10
If the War Continues
Translated by: Alison Rice
Most of all I hate the sun, loud human voices, and pounding. Rapid, rapid pounding. I am so afraid of people that if I hear someone else’s footsteps and the sound of voices in the corridor in the evening, I start to scream. Because of this I have a special room, the quietest and the best, No. 27, at the very end of the corridor. No one can get to me. But in order to protect myself further, I kept begging Ivan Vasilievich for a long time (actually, I cried in front of him), to give me an official typed authorization. He consented and wrote that I was under his protection and that no one had the right to take me away. But, to tell you the truth, I did not have much confidence in the weight of his signature. So he persuaded a professor to sign it too, and affixed a round blue seal to the paper. That made all the difference. I know of many instances where people have avoided death solely because they had a piece of paper with a round blue seal on it in their pockets. True, that worker in Berdyansk with the cheek smeared with soot was hung from a lamppost after they found a crumpled piece of paper with a stamp on it in his boot. But that was altogether different. He was a criminal Bolshevik and the blue seal was a criminal seal. It reserved him a place on that lamppost and the lamppost was the reason for my illness (don’t worry, I know perfectly well that I am ill).
In fact, something had happened to me even before Kolya. I walked away in order to avoid seeing a man being hanged, but fear walked with me in my trembling legs. At the time, of course, there was nothing I could do, but now I would boldly say, “General, you are an animal! How dare you hang people!”
This alone shows you that I’m no coward. I did not go on about the seal because I am afraid of death. Oh, no. I am not afraid of that. I am going to shoot myself, and it will be soon, because Kolya will drive me to despair. I will shoot myself so that I do not have to see or hear Kolya. As for the thought that other people might come… It is loathsome.
For days on end I have been lying on the couch and staring out the window. Above our green garden is an empty void. Beyond it the yellow bulk of a seven-story building turns its deaf, windowless wall to me, and right under the roof is a rusty square. A sign. Dental Laboratory. In white letters. At first I hated it. Then I got used to it and if it were gone I might even miss it. It can be seen clearly the whole day. I focus my attention on it and ponder many important things. But evening is falling. The cupola darkens, the white letters fade from view. I become gray and dissolve in the gloom just like my thoughts. Twilight. A frightening and portentous time of day. Everything fades, everything becomes indistinct. A pale ginger cat begins to slink along the corridor with velvety steps and from time to time I scream. But I will not allow a lamp to be lit because the glare of the lamp will cause me to wring my hands and sob all night. It is better to wait submissively for the moment when that most important last picture begins to burn in the quivering darkness.

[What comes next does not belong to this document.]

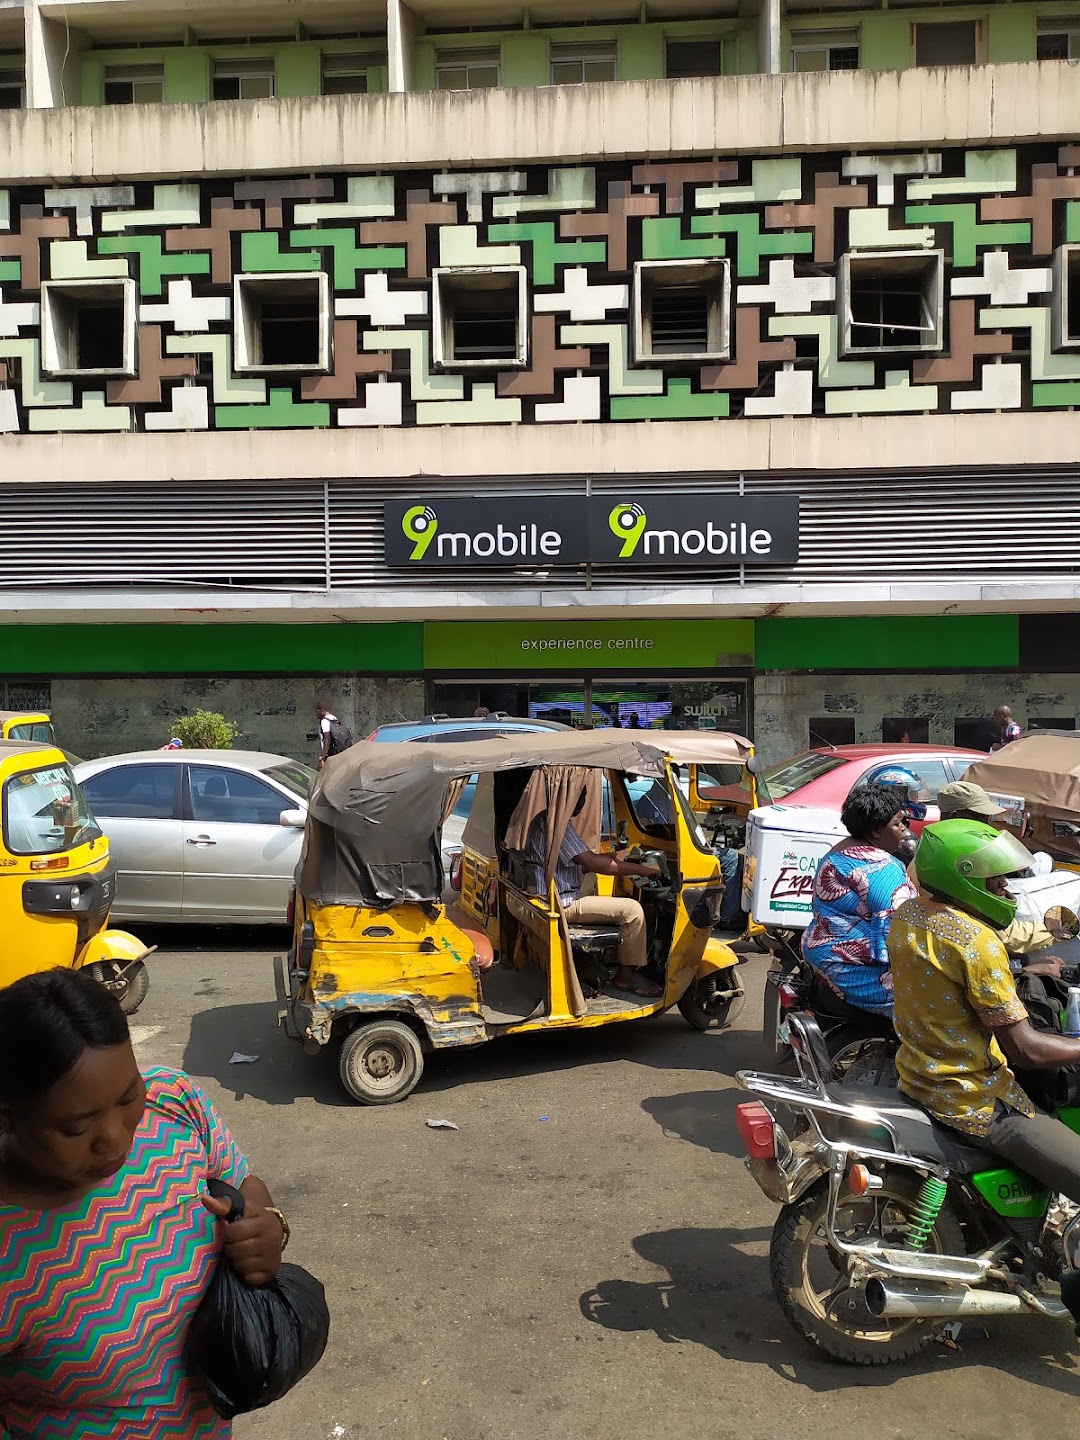 9mobile Experience Centre

My aged mother said to me: “I can’t go on like this much longer. All I see is madness. You are the oldest, and I know that you love him. Bring Kolya back. Bring him back. You are the oldest.”
I said nothing. ٠
So she put all of her yearning and all of her pain into her words.
“Find him. You pretend that nothing can be done. But I know you. You are intelligent, you have long understood that this is all madness. Bring him to me for a day. For just one day. I’ll let him go again.”

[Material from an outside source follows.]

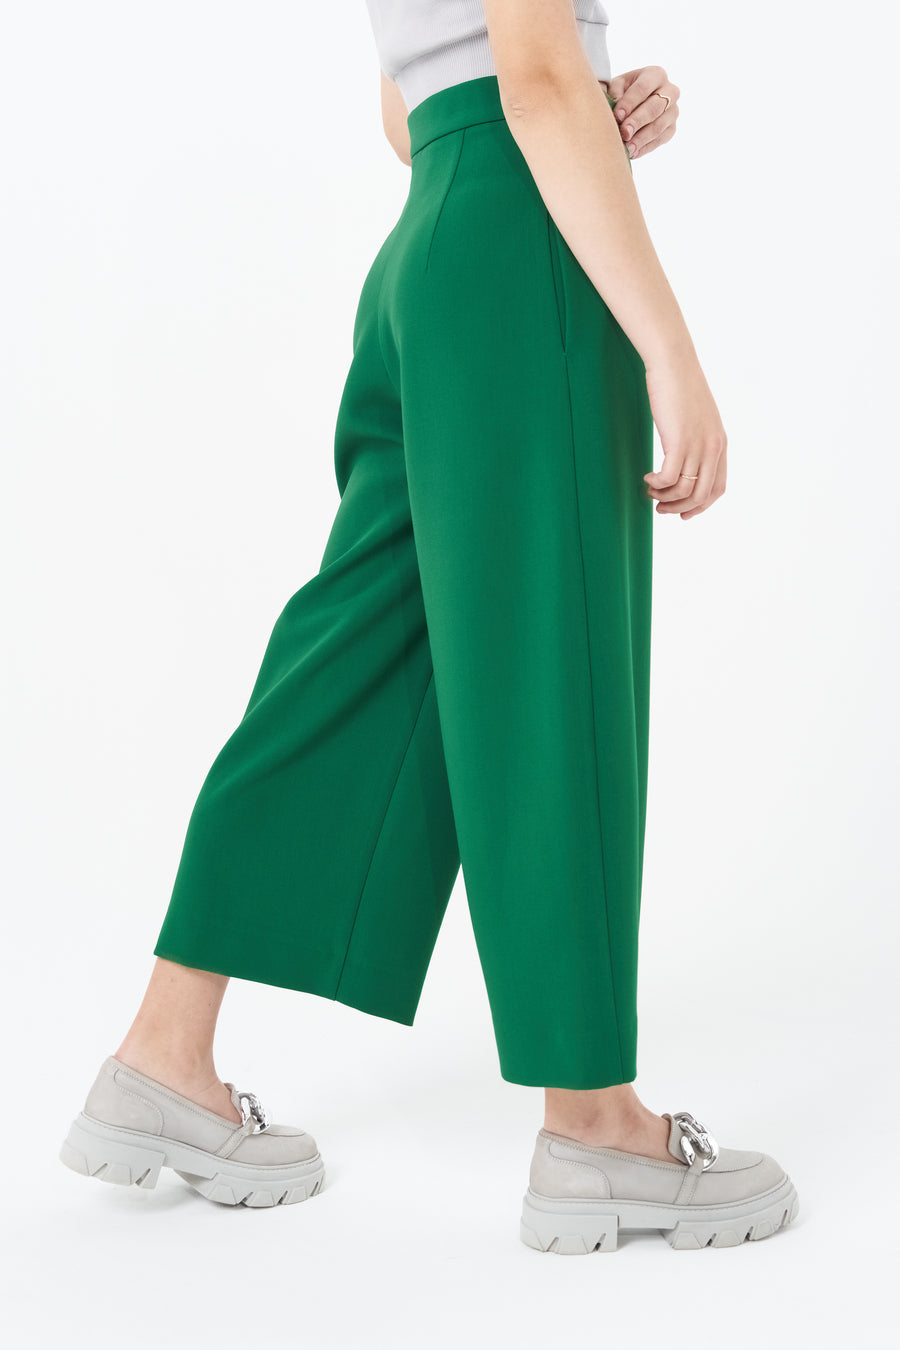 MARION GREEN TROUSERS

She was lying. Would she really let him go again?
I said nothing.
“I only want to kiss his eyes. I know he will be killed. Don’t you understand? He’s my baby. Who else can I ask? You are the oldest. Bring him.”
I could not stand it, so avoiding her eyes, I said, “Okay.”
But she grabbed my sleeve and turned me around so that she could look into my face.
“No, you will swear that you will bring him back alive.”
How could I swear any such thing?
But being the insane person that I am, I did it: “I swear.”
My mother is fainthearted. With that thought I left. But in Berdyansk I saw the crooked lamppost. General, Sir, I agree that I was no less criminal than you, I accept great responsibility for the man smeared with soot, but my brother does not have anything to do with it. He is nineteen years old.
After Berdyansk, I resolutely fulfilled my oath and found him by a small stream twenty versts away. The day was unusually bright. Along the road to the village, from which came the smell of ashes, a cavalry column moved slowly, stirring up clouds of white dust. He rode at the end of the first rank, with the visor of his cap pulled down over his eyes. I remember every detail. The right spur came all the way down to his heel. The strap of his cap stretched across his cheek and down under his chin.
“Kolya. Kolya!” I yelled, and ran down to the roadside ditch.
He started. Along the ranks the sullen, sweaty soldiers turned their heads.
“Ah… brother!” he cried in response. For some reason he never called me by my name, but always said brother. I am ten years older than he. And he always listened carefully to what I said. “Wait, wait here,” he continued, “by the little wood. We’ll be back right away I can’t leave the troop.”
At the edge of the wood, a little away from the dismounted troop, we smoked greedily I was calm and insistent. Everything was madness. Mother was absolutely right.
I whispered to him, “As soon as you return from the village, come with me into town. Then get out of here and never come back.”
“What are you saying, brother?”
“Be quiet,” I said, “Be quiet. I know what I’m saying.”
The troop had mounted. They were swaying, moving at a trot toward the billowing black smoke. In the distance a pounding began. Rapid, rapid pounding.
What could happen in just an hour? They would come back. I settled down to wait by the tent with the red cross on it.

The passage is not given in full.